Hoy me apetece tocar el amarillo. El amarillo es un color que no siempre he valorado como se merece. Que no había llegado a proporcionarme gozo. Incluso me había producido cierto rechazo. Tal vez porque me lo pintaron siempre con una nitidez falsa y de cartón piedra. Un color excesivamente brillante, abstraído del medio, casi irreal. Aunque si lo pienso dos veces acaso ocurra lo mismo con los demás colores. Sobre todo con los colores más intensos. Los colores no se deberían enseñar en los libros, sino aprender en la naturaleza o en general en el paisaje. Los colores no existen en estado puro, diferenciados nítida y categóricamente, sino como aproximación. Existen las tinturas y la química, con objeto de que las gráficas editen sus tiradas publicitarias y que las fachadas o las habitaciones de una casa adquieran una definición canónica. Se les llama colores pero no sé si son los colores. Cuando veo los colores en los cuadros de un museo me extasío como quien lo hace ante el milagro de un redescubrimiento. Como si se tratara de una invención o ante una realidad virtual. No niego que hay cuadros que saben dar paso a la luz de tal manera que transforman los objetos y las perspectivas. Entonces no parecen cuadros. Es en la percepción de lo exterior, en los espacios en que los colores se manifiestan dinámicos, inestables y mezclados, cuando percibo su carácter. Son auténticos porque se están haciendo permanentemente. El campo, el oleaje, las luces en las diferentes horas del día, los contrastes de soles y sombras entre callejuelas, la reverberación sobre los caseríos, las auroras y los ocasos, las mieses, las frutas, la piel de los animales. Los colores son impactos. Instantes mutables y mutantes. Sólo entiendo los colores si se transforman en sentidos. Si van más allá de la mirada. Si no se quedan en simples pigmentaciones oculares. Si se huelen, se tocan, se lamen, se escuchan. Siempre me ha resultado incomprensible la rigidez con que se nos ha ofrecido los colores. Por eso no encuentro emocionantes y tampoco cálidos ni los coches ni las vestimentas de los cardenales ni los uniformes militares ni las banderas. No me hacen sentir. En los membrillos me vengo de mi propia frustración con el amarillo. Aquí delante, sin cansarme de mirarlos.

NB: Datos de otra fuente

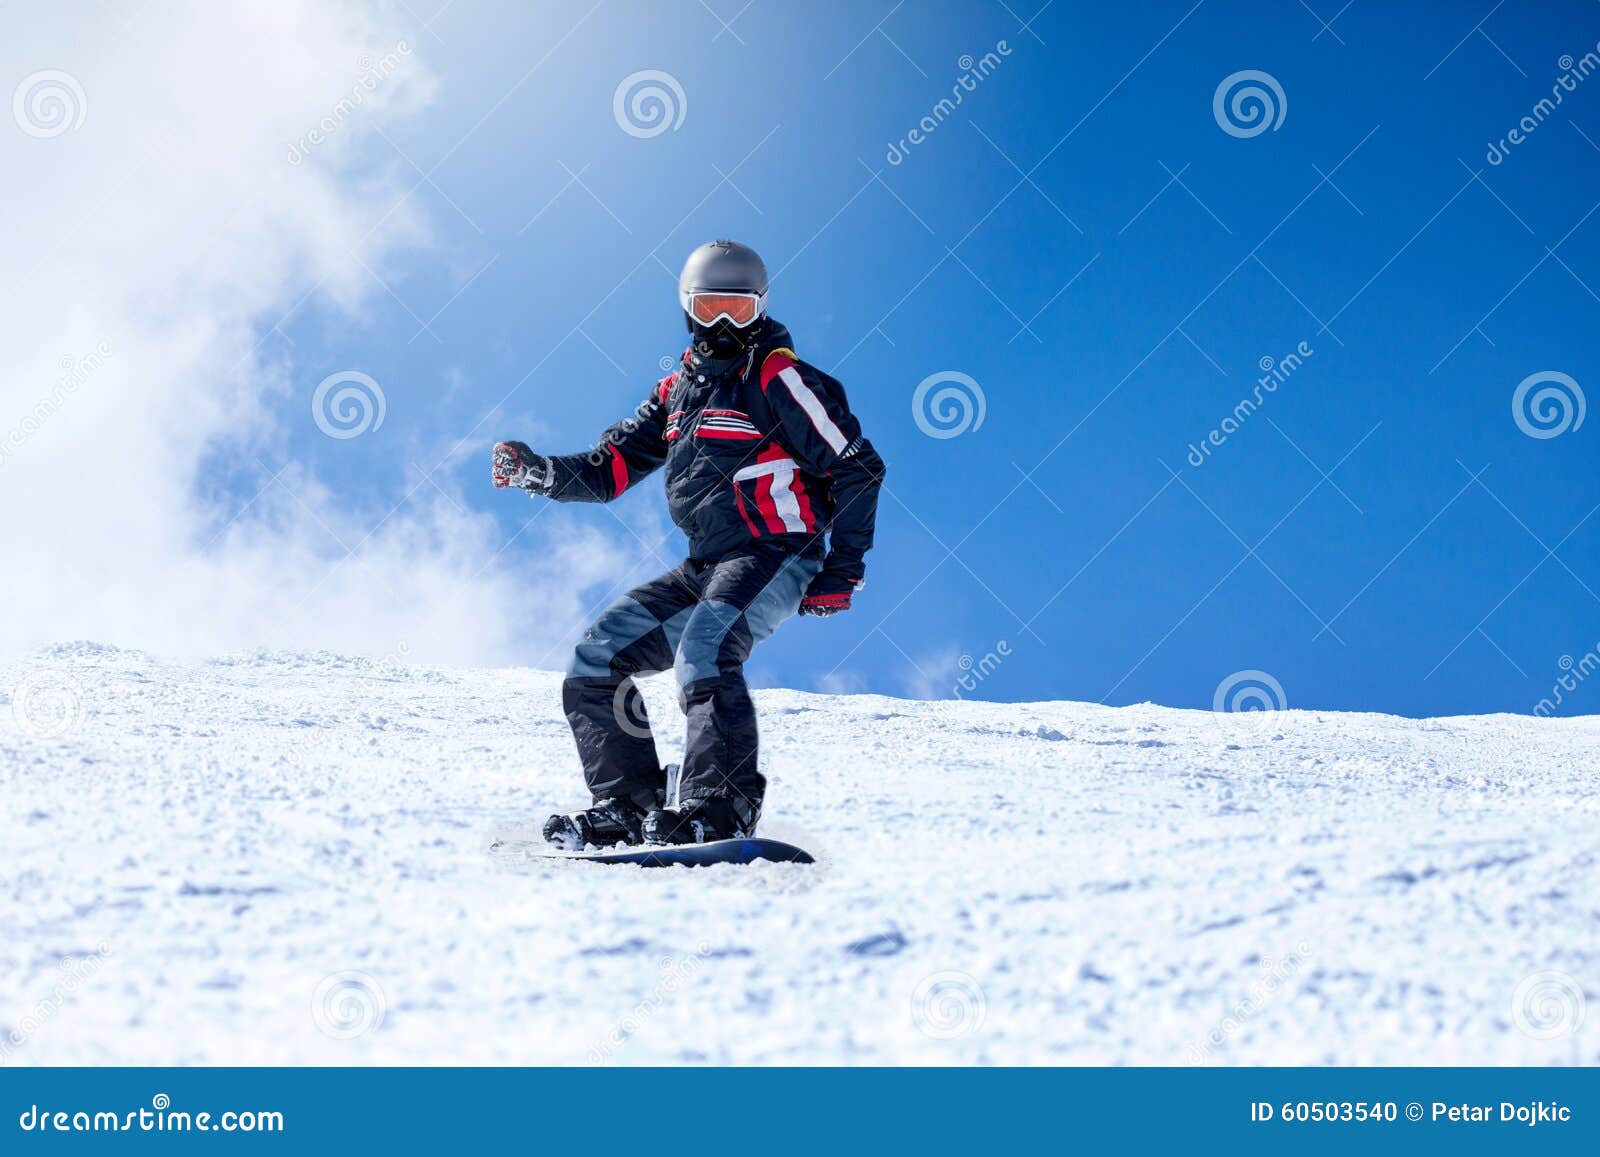 Young man snowboarding stock photo. Image of snowboard - 60503540

¿Cual será la magia del membrillo?
ResponderEliminarEscribes tan bien... Y me recuerdas cosas... Me recuerdas, por ejemplo, que el amarillo me encanta y me dijeron hace años que ello era debido a mi signo astrológico. O me recuerdas también una anécdota que voy a contar un día en mi blog, cuando vuelva a tratar el pesado tema lingüístico. ¿Sabes cuál es la primera palabra que tengo conciencia de haber aprendido en castellano? Amarillo. En casa hablaba catalán, pero en el cole la monja nos hablaba castellano, que era la única lengua oficial. Imagino que algo de castellano entendería, los niños lo entienden todo. Pero cierto día pinté el sol de color naranja, tenía tres o cuatro años. Me puse en la fila (qué parvularios aquellos, por Dios) y la monja, al mirar mi dibujo, me dijo: Pinta el sol de amarillo. Y yo volví a mi sitio estupefacto. ¿Amarillo? ¿Cuál sería aquel color quilométrico? (Porque en catalán es el escasísimo "groc"). Aquello me proporcionó mi primera duda y mi primer momento de sentirme incomprendido(la monja se enfadó muchísimo, porque yo no daba con el amarillo, creía que me estaba burlando de ella).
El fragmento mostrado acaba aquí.